There Is an Important Genetic Component. This is witnessed by family history studies, demonstrating concordance rates for monozygotic twins that affirm a genetic influence in the disease; by documented racial susceptibilities; and by the variation of the proportion of disease subtypes between races (the opticospinal variant, NMO, occurs more frequently in east Asians than in other races). Racial variations in susceptibility can be explained using isolation of genomes in combination with distant founder effects, especially in races where extra-racial intermarriage has been rare. Although races with isolated genomes show differences in recessive and multi-factorial diseases due to differences in allele frequencies when compared with other races, not all racial variations can be explained strictly by genetics—some may be attributed to culture and environment, as evidenced by the frequency of Kuru in certain Papua New Guinean populations.

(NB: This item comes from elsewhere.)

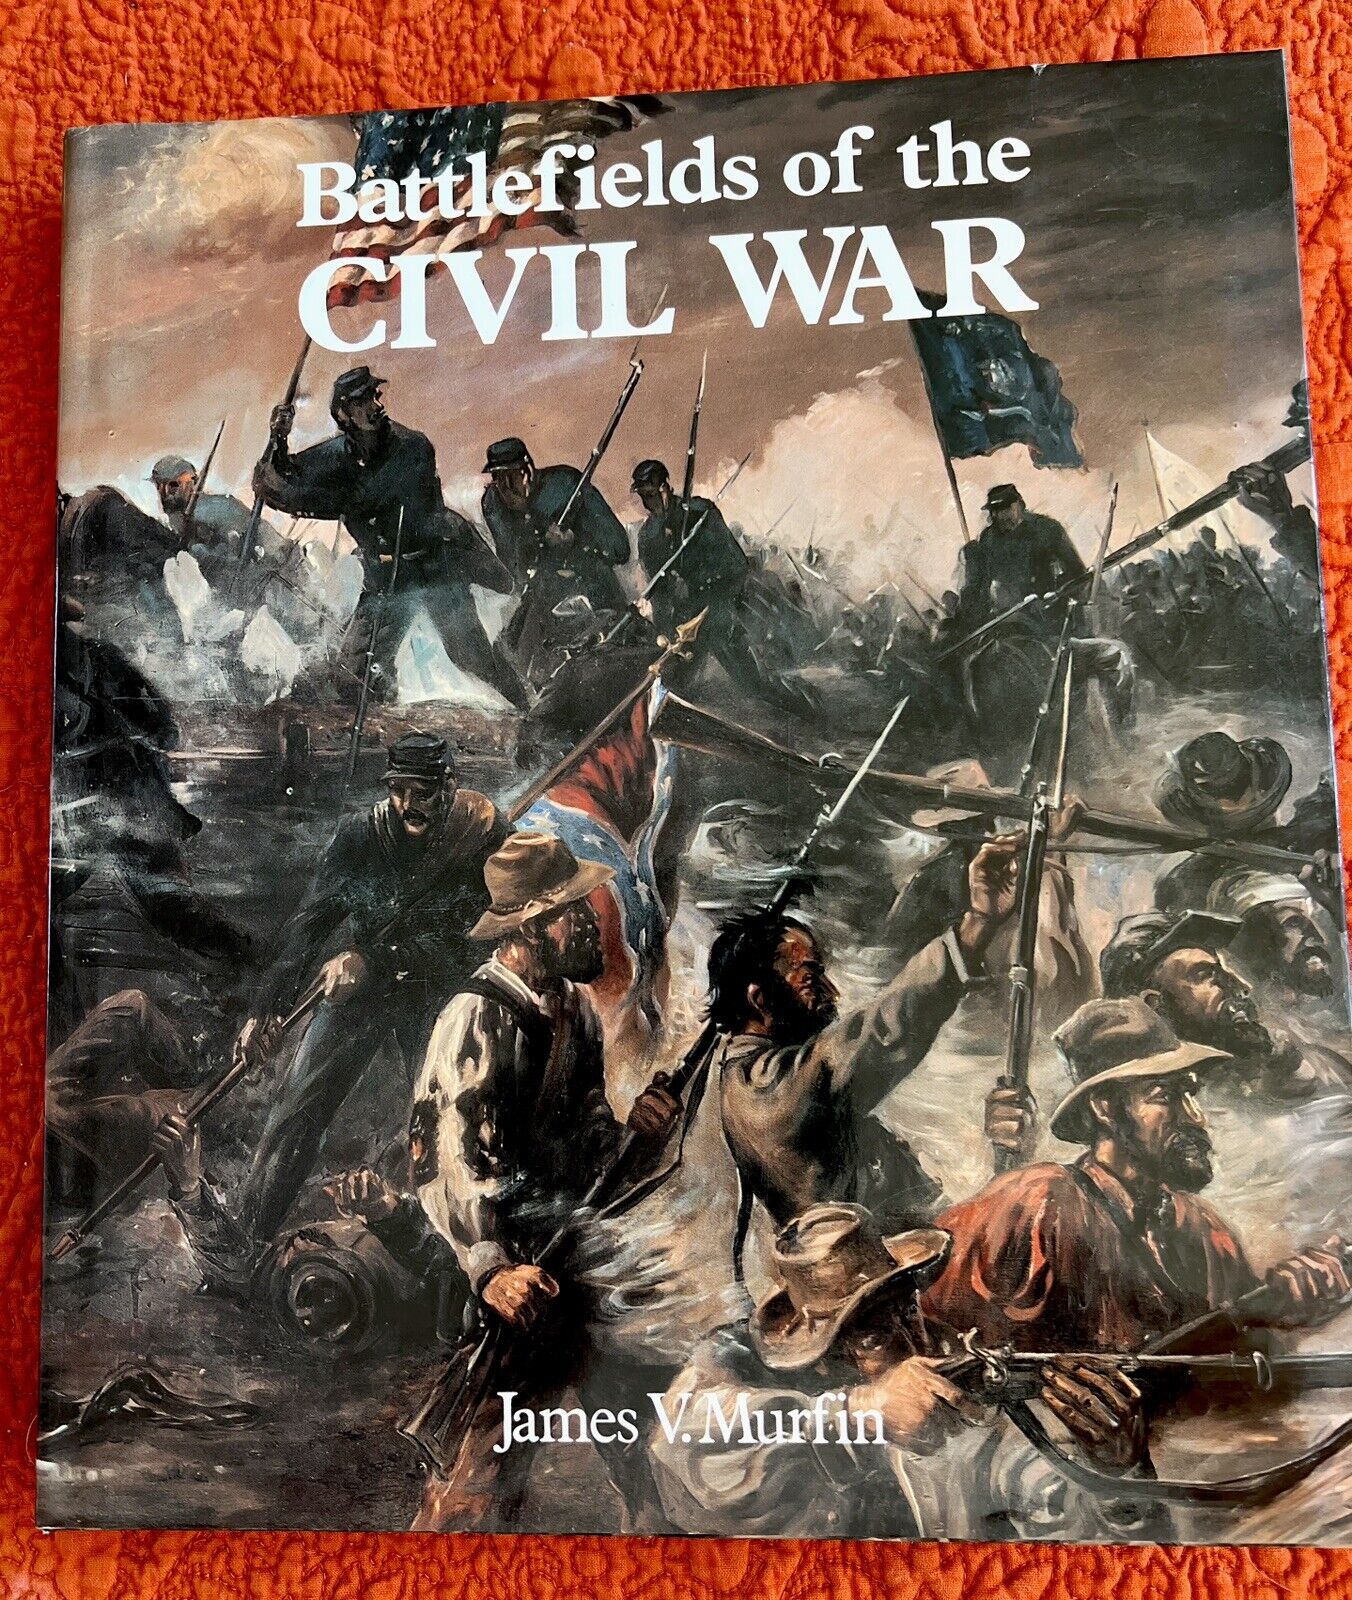 1990 BATTLEFIELDS OF THE CIVIL WAR James V. Murfin oversized hardcover Excellent
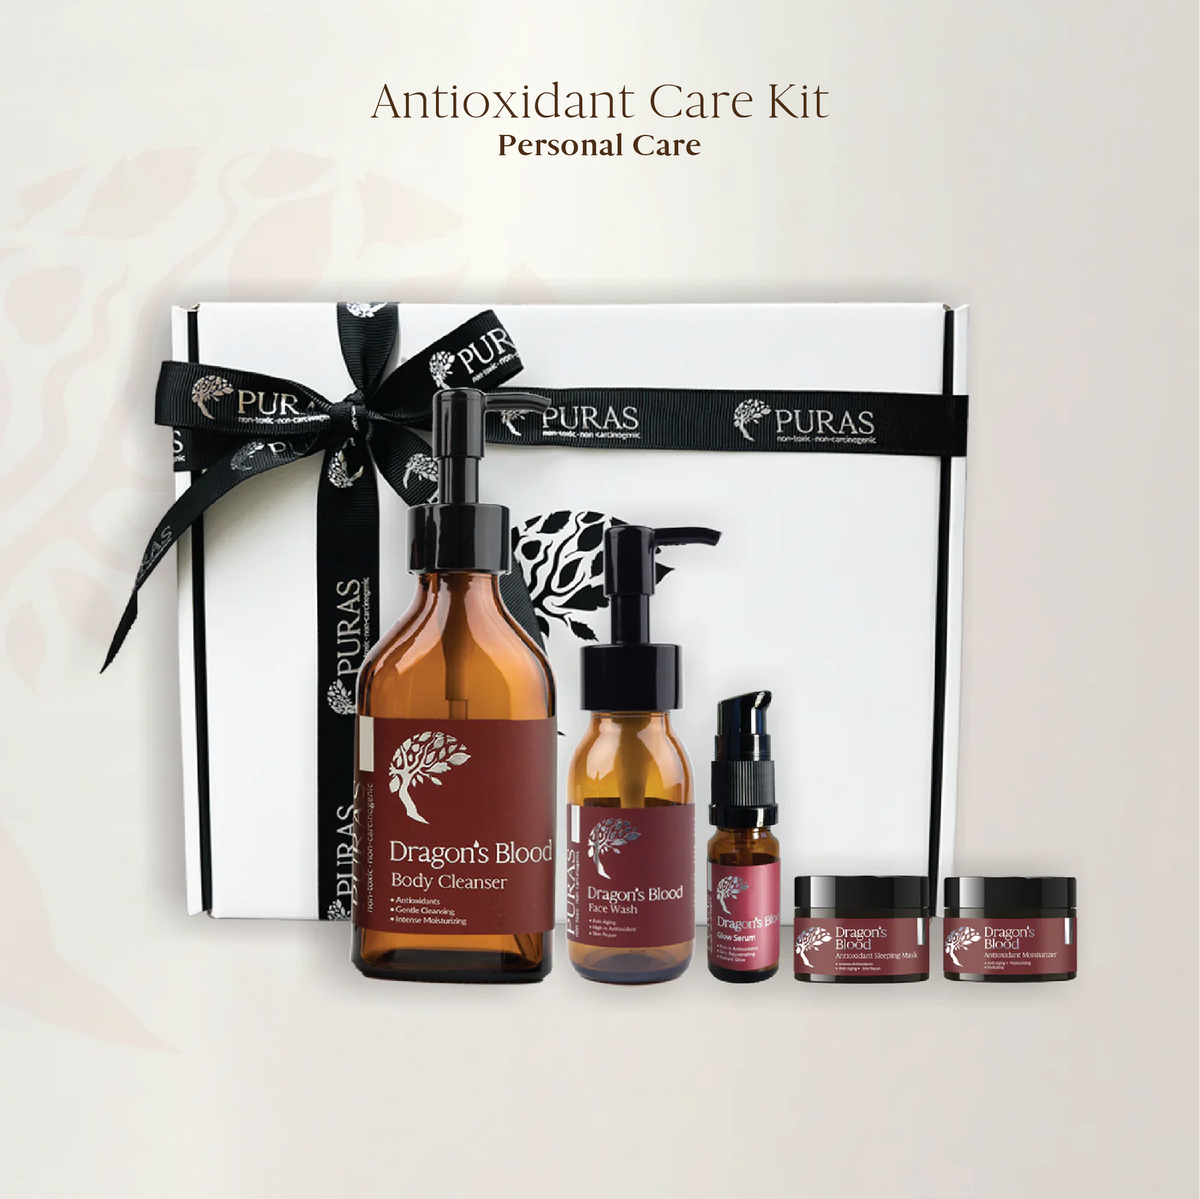 Antioxidant Care Kit

An increased familial risk has been repeatedly demonstrated. It tends to decrease the further one, which is related from the proband, implying a strong genetic role. Thus, monozygotes have an increased risk over dizygotes, who have the same risk as other siblings, and have a higher risk than first-degree cousins. There is no difference between maternally versus paternally transmitted risk, although children of two affected parents have a 10 times risk over children with only one affected parent. Adoptees and spouses have the same risk as the local population, arguing against an isolated environmental risk in families with MS.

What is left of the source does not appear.